That'll work, but requires repeatedly ignoring the big-fat-warning :)

Backport of 81ad4276b505e987dd8ebbdf63605f92cd172b52 failed to adjust
for intervening ->get_trip_temp() argument type change, thus causing
stack protector to panic.

drivers/thermal/thermal_core.c: In function ‘thermal_zone_device_register’:
drivers/thermal/thermal_core.c:1569:41: warning: passing argument 3 of
‘tz->ops->get_trip_temp’ from incompatible pointer type [-Wincompatible-pointer-types]
if (tz->ops->get_trip_temp(tz, count, &trip_temp))
^
drivers/thermal/thermal_core.c:1569:41: note: expected ‘long unsigned int *’
but argument is of type ‘int *’

CC: <[email protected]> #3.18,#4.1
Signed-off-by: Mike Galbraith <[email protected]>
---
drivers/thermal/thermal_core.c | 2 +-
1 file changed, 1 insertion(+), 1 deletion(-)

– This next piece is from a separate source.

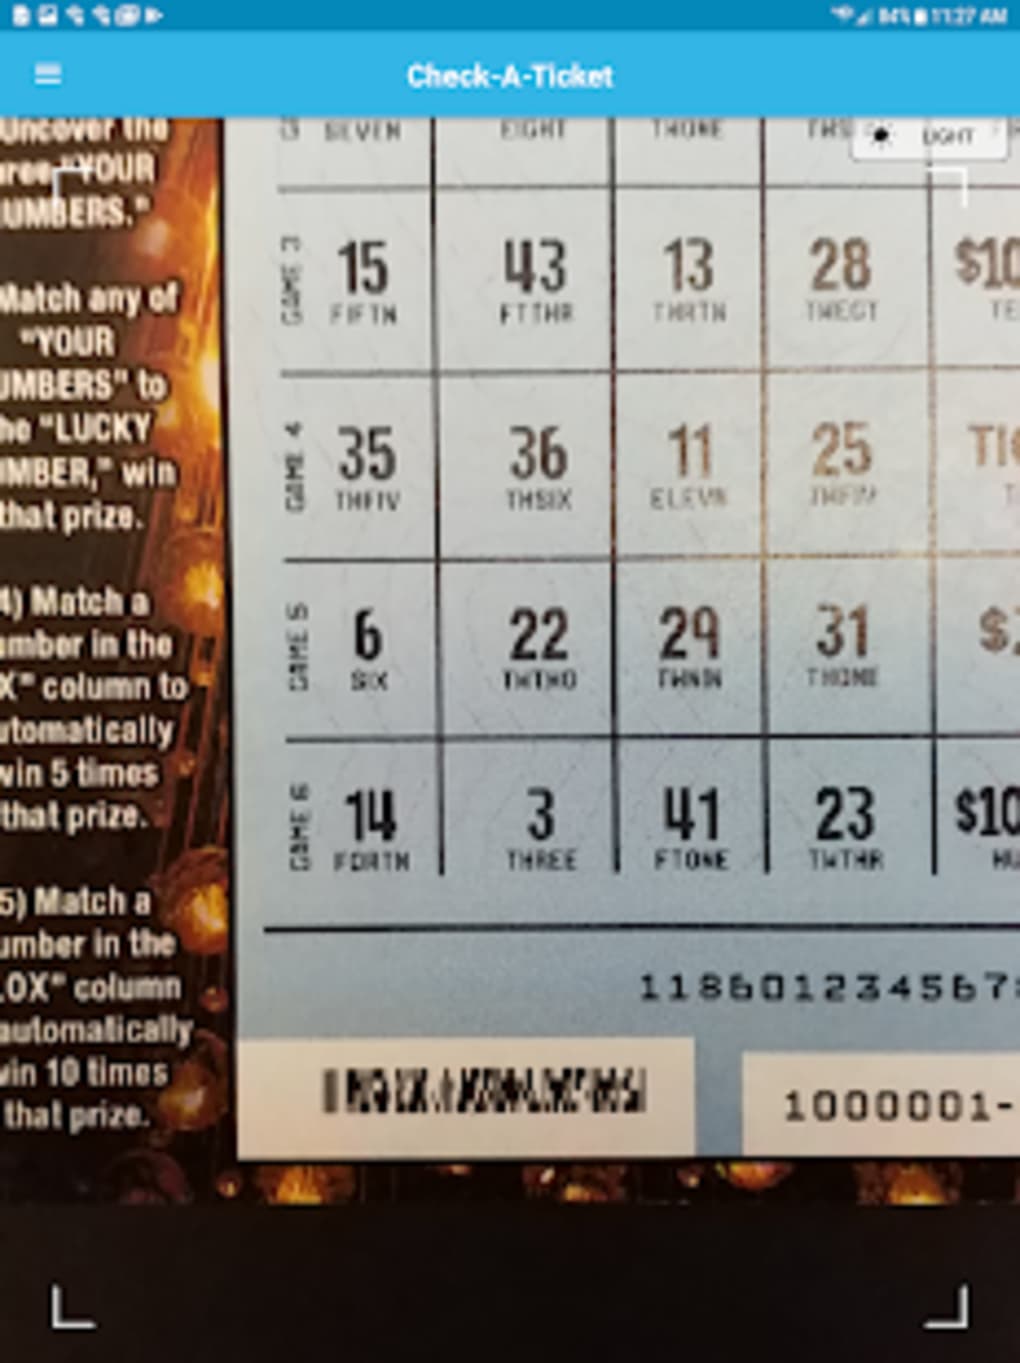 ca lottery.com quickpick

--- a/drivers/thermal/thermal_core.c
+++ b/drivers/thermal/thermal_core.c
@@ -1491,7 +1491,7 @@ struct thermal_zone_device *thermal_zone
{
struct thermal_zone_device *tz;
enum thermal_trip_type trip_type;
- int trip_temp;
+ unsigned long trip_temp;
int result;
int count;
int passive = 0;

2016-04-23 02:03:05

by Sasha Levin

[permalink] [raw]
Subject: Re: [regression] linux318, linux41 - kernel stack is corrupted

On 04/22/2016 06:16 AM, Mike Galbraith wrote:
> On Fri, 2016-04-22 at 17:23 +0900, Greg Kroah-Hartman wrote:
>> On Fri, Apr 22, 2016 at 10:10:59AM +0200, Sebastian M. Bobrecki wrote:
>>> W dniu 22.04.2016 o 09:55, Greg Kroah-Hartman pisze:
>>>> On Fri, Apr 22, 2016 at 09:47:04AM +0200, Sebastian M. Bobrecki wrote:
>>>>> Hi,
>>>>>
>>>>> I just hit the same with 4.1.22 on Gentoo. 4.1.21 are working fine.
>>>>>
>>>>> On 22.04.2016 at 08:46, Greg Kroah-Hartman wrote:
>>>>>> ...
>>>>>> You are going to have to be a bit more specific here...
>>>>>> What is the oops message? How do you reproduce this? Does it also
>>>>>> happen on 4.6-rc4?
>>>>>>
>>>>>> Can you run 'git bisect' to find the offending patch?
>>>>>>
>>>>> Greg have you seen screenshots linked by Philip?
>>>> I saw no such screenshots in the email.
>>> They are here: https://github.com/manjaro/packages-core/issues/36
>>
>> Looks like an acpi thermal patch got backported incorrectly, again, 'git
>> bisect' is going to help out the best here.
>
> That'll work, but requires repeatedly ignoring the big-fat-warning :)
>
> Backport of 81ad4276b505e987dd8ebbdf63605f92cd172b52 failed to adjust
> for intervening ->get_trip_temp() argument type change, thus causing
> stack protector to panic.
>
> drivers/thermal/thermal_core.c: In function ‘thermal_zone_device_register’:
> drivers/thermal/thermal_core.c:1569:41: warning: passing argument 3 of
> ‘tz->ops->get_trip_temp’ from incompatible pointer type [-Wincompatible-pointer-types]
> if (tz->ops->get_trip_temp(tz, count, &trip_temp))
> ^
> drivers/thermal/thermal_core.c:1569:41: note: expected ‘long unsigned int *’
> but argument is of type ‘int *’
>
> CC: <[email protected]> #3.18,#4.1
> Signed-off-by: Mike Galbraith <[email protected]>
> ---
> drivers/thermal/thermal_core.c | 2 +-
> 1 file changed, 1 insertion(+), 1 deletion(-)
>
> --- a/drivers/thermal/thermal_core.c
> +++ b/drivers/thermal/thermal_core.c
> @@ -1491,7 +1491,7 @@ struct thermal_zone_device *thermal_zone
> {
> struct thermal_zone_device *tz;
> enum thermal_trip_type trip_type;
> - int trip_temp;
> + unsigned long trip_temp;
> int result;
> int count;
> int passive = 0;
>

Thanks!

I'll put it on both 3.18 and 4.1, and will try to ship it within a day or
two once all tests have gone through.


Thanks,
Sasha